Spanish tax regime for amortisation of 'financial' goodwill is incompatible with EU law, Court confirms

On Thursday 15 November, the EU Court confirmed two European Commission decisions from 2009 and 2011 (see EUROPE 10008, 10292) according to which the Spanish tax regime for the amortisation of ‘financial’ goodwill constitutes State aid incompatible with the internal market (Cases T-207, 219 and 227/10; T-239, 399, 405 and 406/11). 

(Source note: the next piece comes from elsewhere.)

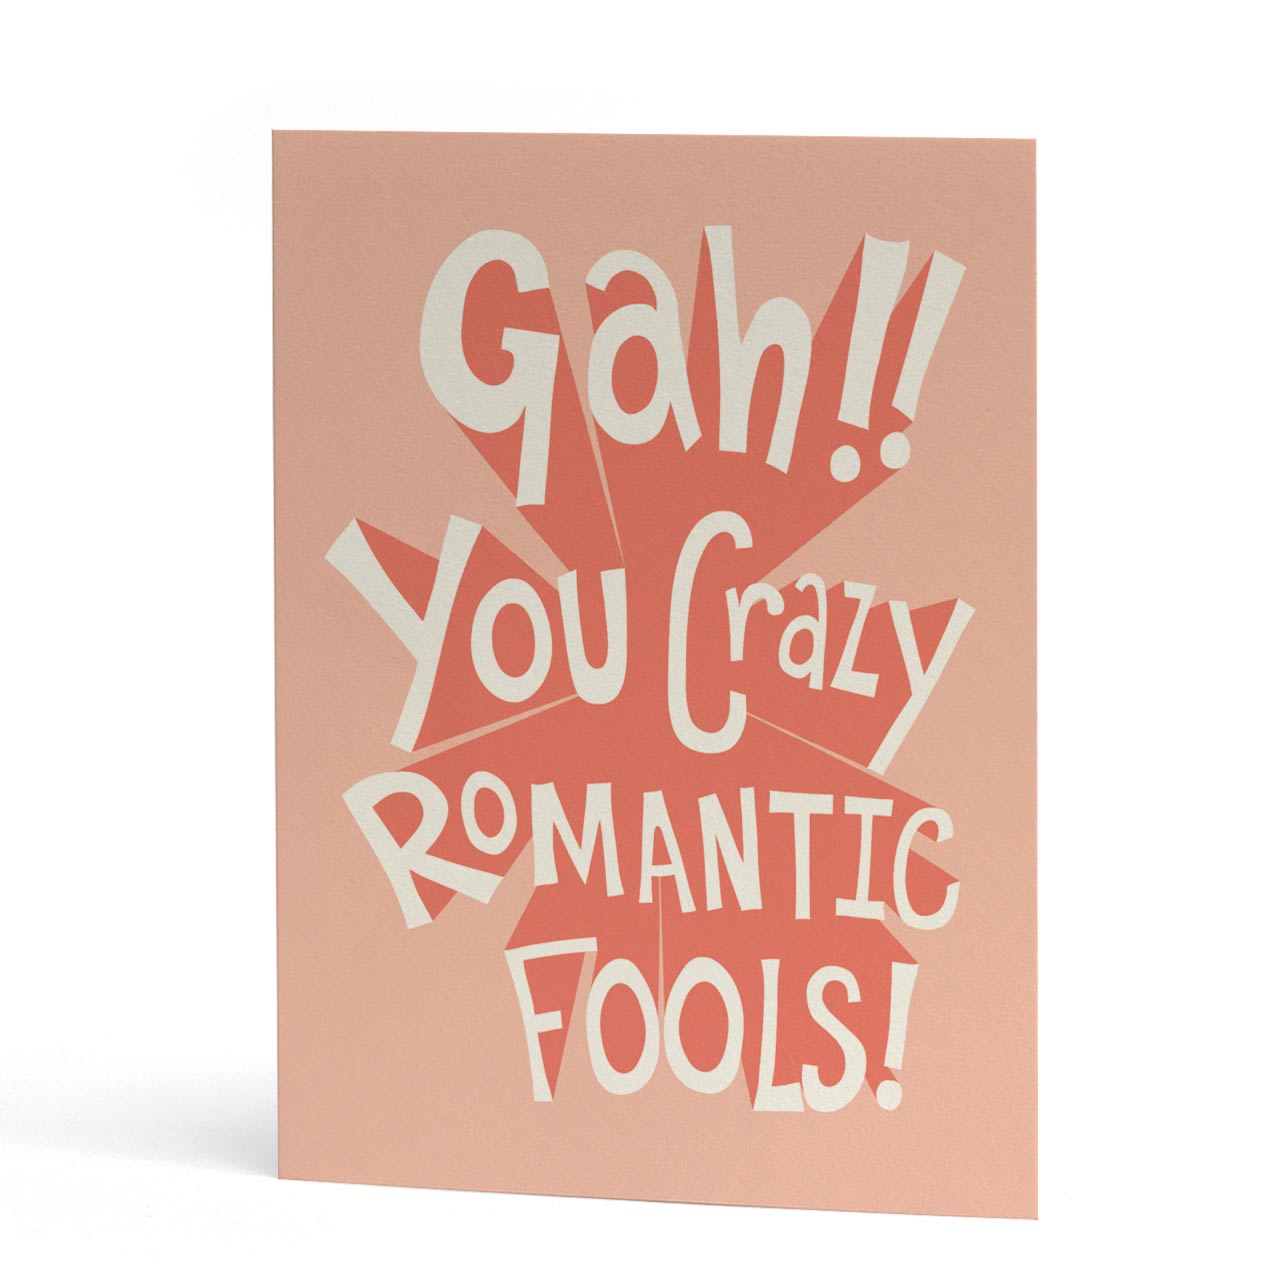 Gah, You Crazy Romantic Fools Card

Since 2002, Spanish law has allowed resident companies that hold shares (at least 5% for at least one year) in companies established abroad to deduct goodwill resulting from this acquisition from their taxes. Such a measure is not possible in the case of stake acquisition in a company established in Spain. 

In 2016, the EU Court of Justice annulled two previous Court of First Instance judgments which annulled the Commission's decisions, the Court held that the Commission had not proved the selective nature of the tax regime in question (see EUROPE 11694)

Applying the so-called 'three-step' method, the Court concluded that the Spanish measure is selective, even though the advantage it provides is available to all companies required to pay corporate tax in Spain. 

It notes that companies that are taxable in Spain taking stakes in companies domiciled in Spain for tax purposes cannot obtain the advantage provided by the deduction scheme in question, unlike those taking stakes abroad. 

The Court concludes that the Spanish scheme, which grants a tax advantage, whose grant is conditional on the completion of an economic transaction, may be selective where any undertaking may freely choose to carry out that transaction, and not only on the basis of the distinction of companies based on their own characteristics. 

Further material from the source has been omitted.